Ohne Kompromisse geht es nicht. Es ist richtig, dass die SPD wieder ein Grundverständnis für die russischen Positionen demonstriert.

Annäherung scheint dringend geboten. Bei der Entfernung hört man sich ja kaum Foto: dpa

M anöver, Sanktionen und ein vergessener Jahrestag: Im Verhältnis zwischen Moskau und Berlin ballen sich in dieser Woche Jahrzehnte einer schwierigen Beziehung. Wer die Gemengelage zumindest halbwegs passend zusammenfassen möchte, kann dabei dreierlei feststellen.

Erstens: Vor 75 Jahren marschierten Deutsche in die Sowjetunion ein, auf einer Front von der Ostsee bis zum Schwarzen Meer. Das ist ein Fakt. Zweitens: Jahrzehnte später haben Deutsche und Russen wieder ein schwieriges Verhältnis. Die SPD möchte das ändern und liegt damit richtig. Drittens: Die CDU beschimpft die Sozialdemokraten als Putin-Versteher, die östlichen Nato-Staaten sorgen sich um die deutsche Solidarität. Das ist verständlich und trotzdem falsch.
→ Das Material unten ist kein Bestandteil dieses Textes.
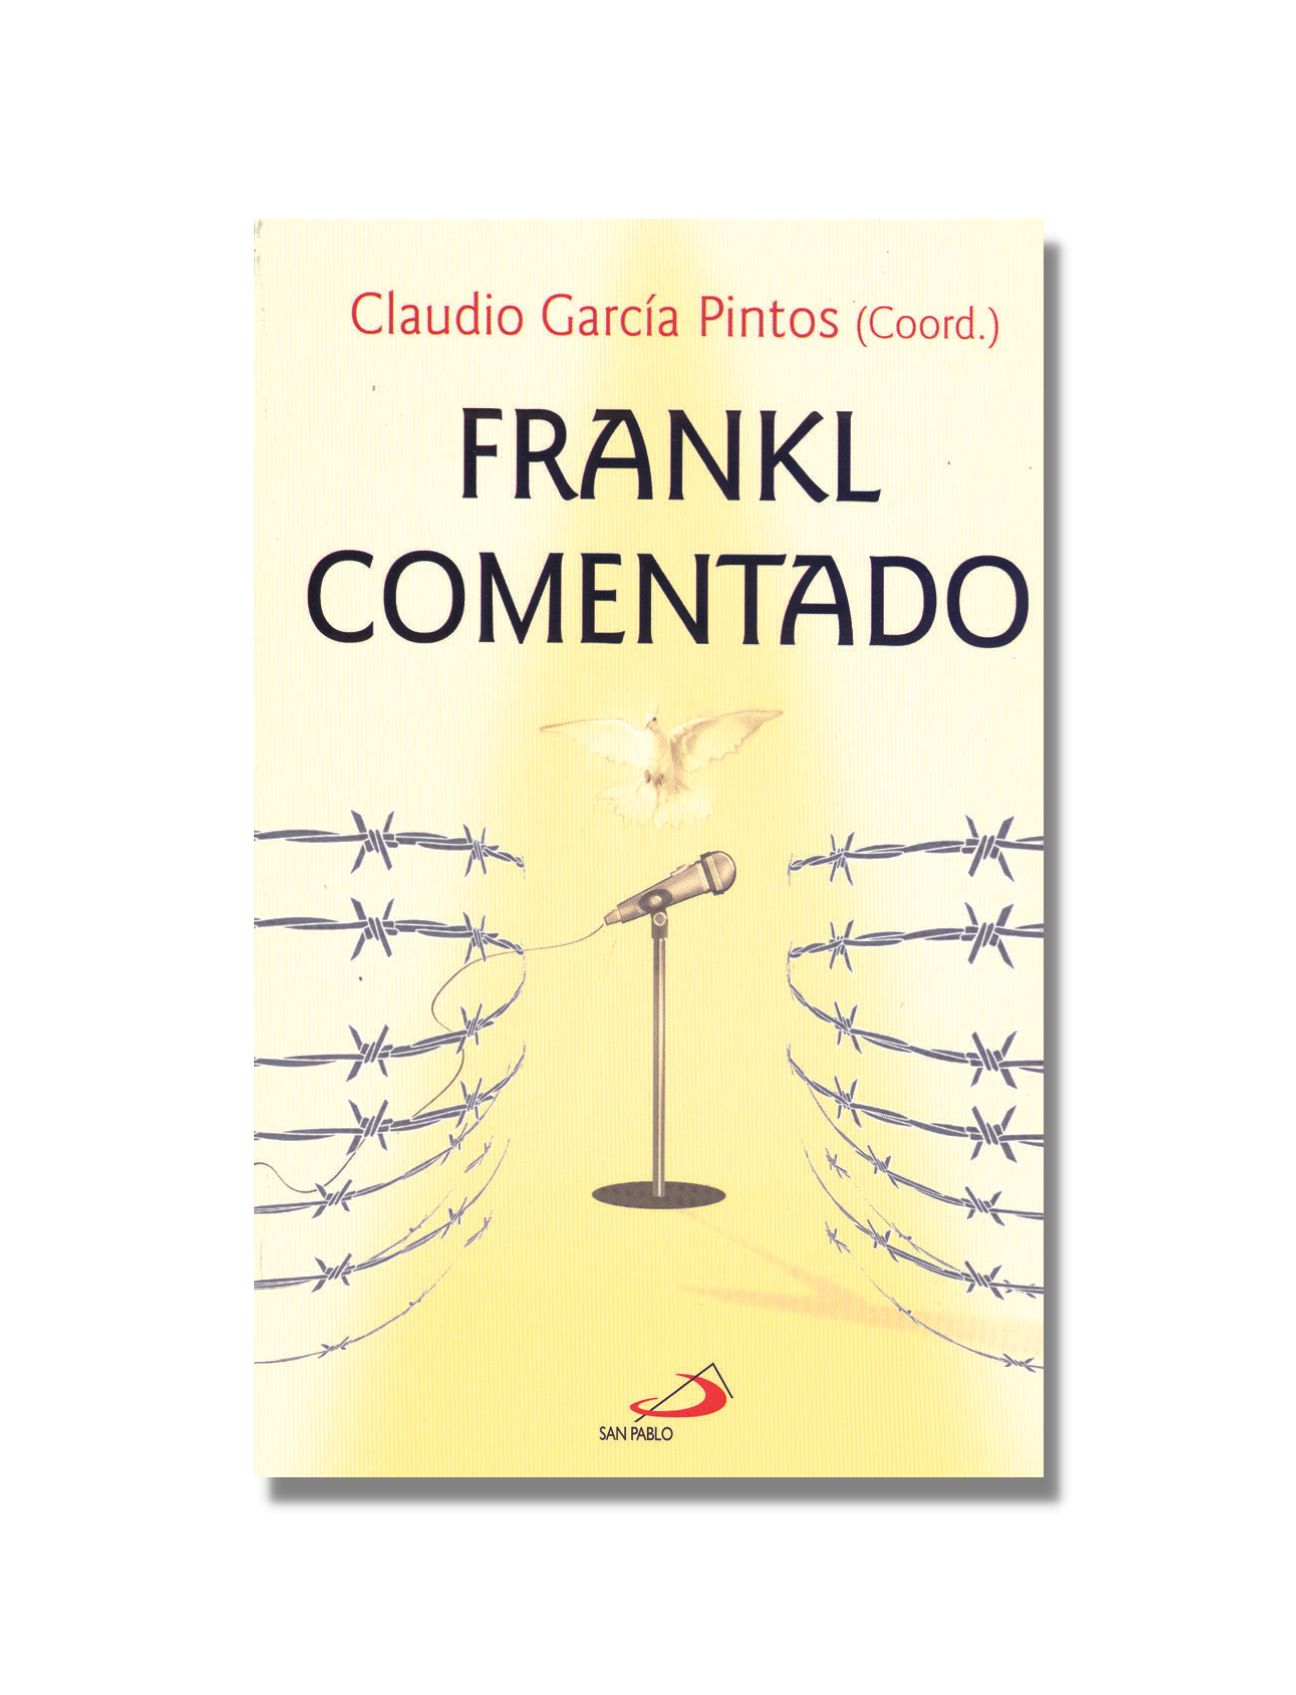 FRANKL COMENTADO

Es ist ja nicht so, dass die SPD keine Rücksicht auf die Sorgen der Osteuropäer nimmt. Für Ukrainer, Balten und Polen waren im Krieg nicht nur die Deutschen Gegner, sondern auch die Russen. Diese Erfahrung, die der Nachkriegszeit und die der vergangenen Jahre verursachen natürlich Ängste. Und die europäischen Nachbarn nehmen diese Ängste ernst: Die EU verlängert Sanktionen gegen Russland, die Nato übt im Osten und stockt ihre Truppen im Baltikum auf – all das mit Beteiligung der Sozialdemokraten.

Wer Verständnis für die eigene Per­spektive verlangt, muss Verständnis für die der Gegenseite zumindest ertragen. Nicht mehr als ein Grundverständnis für die russische Position bringt die SPD nun auf.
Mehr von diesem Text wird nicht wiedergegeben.